Lass es Dir gut gehen und hau fleissig in die Tasten fuer die DA,
Gruesse aus Valparaiso, Katrin und Soeren
Hola Raimundo,
einige Details waren uns ja neu (uns war nicht bewusst, dass du die ganze Zeit so gefroren hast, waehrend wir in unserem Zelt die T-Shirts ausziehen mussten, weil es zu warm war in unseren schicken Schlafsaecken - haettest du was gesagt, haetten wir dir unsere T-Shirts gerne geliehen :) )

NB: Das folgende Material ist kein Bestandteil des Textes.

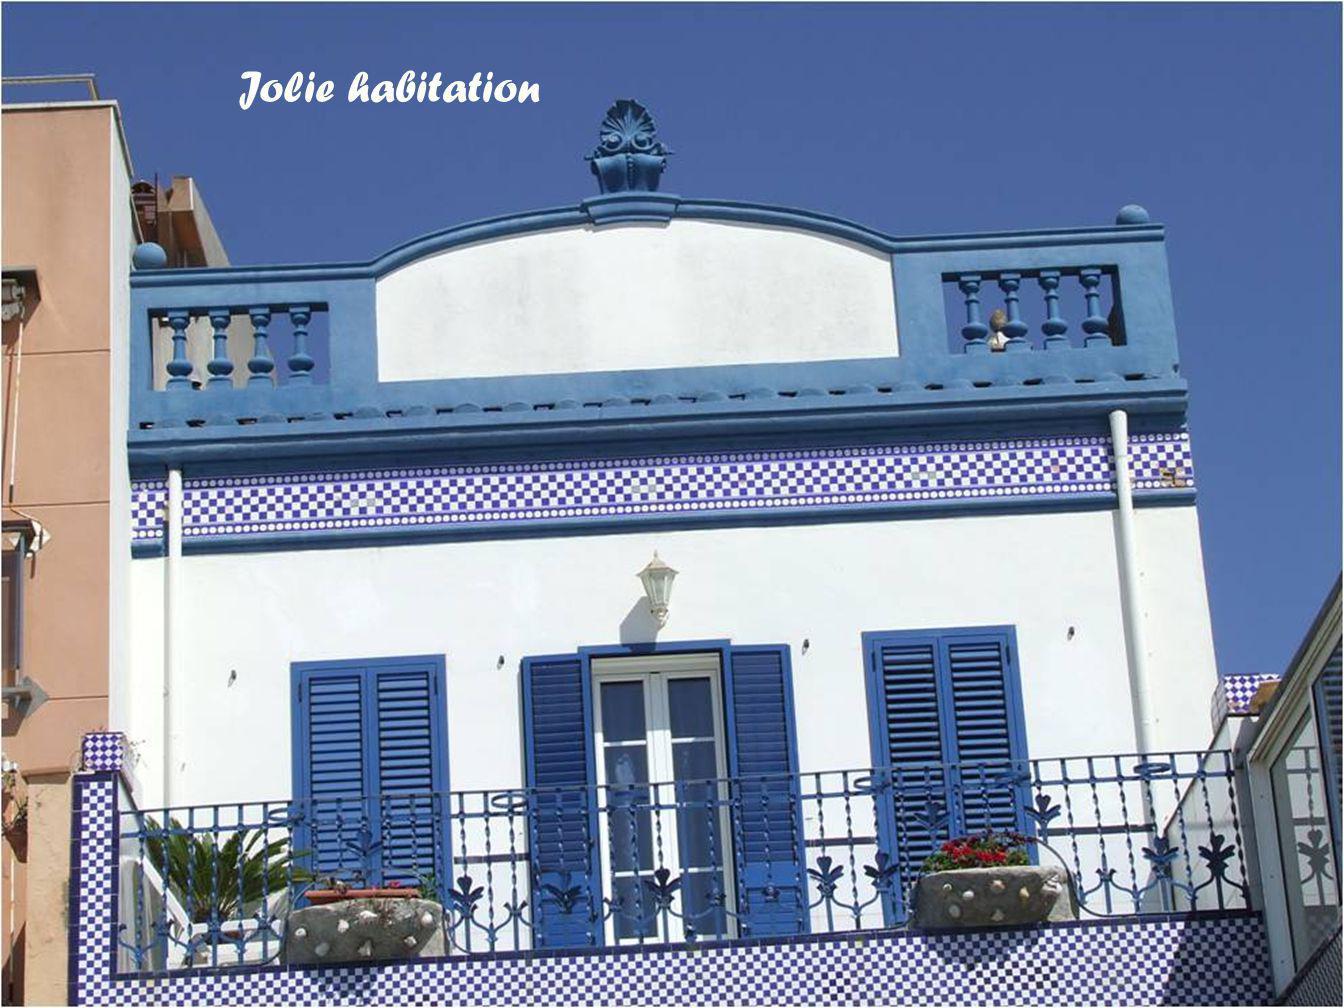 Jolie habitation

Andere Details haben wir vermisst, unter anderem eines, was wir von Dir gelernt haben: Wenn man den Reis essen will, sollte man ihn nicht vorher in den Dreck werfen :)

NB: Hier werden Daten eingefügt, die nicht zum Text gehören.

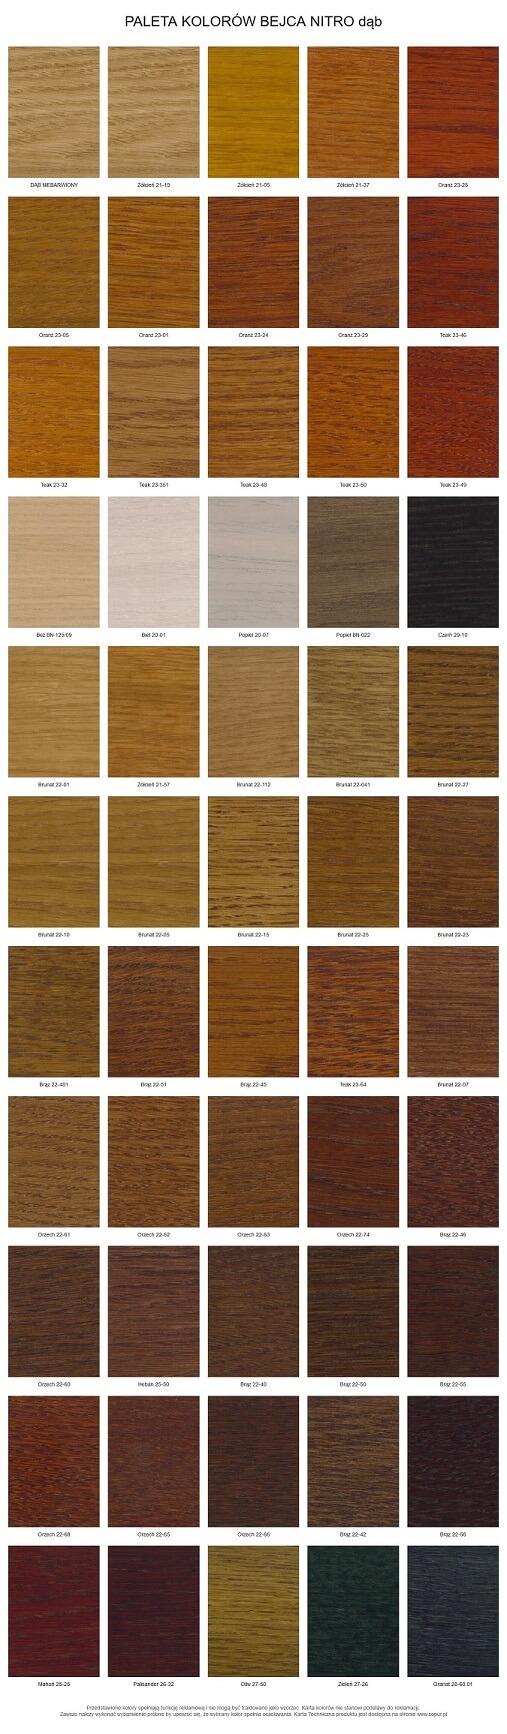 wzornik kolorów dla stołów bilardowych dąb

Wir haben gemeinsam deinen Bericht gelesen - haben uns koeniglich amuesiert und nochmal den Circuito Grande mit Dir durchlebt! Danke!
War eine superschoene Zeit mit Dir, an die wir gerne zurueckdenken.
Liebe Gruesse von den Freiburger Soldaten, die gemeinsam in die Schlacht zogen und sie gewonnen haben ;)
Freuen uns auf die Siegesfeier in Freiburg.
PS: Quarz, Feldspat und Glimmer, diese drei vergess ich nimmer!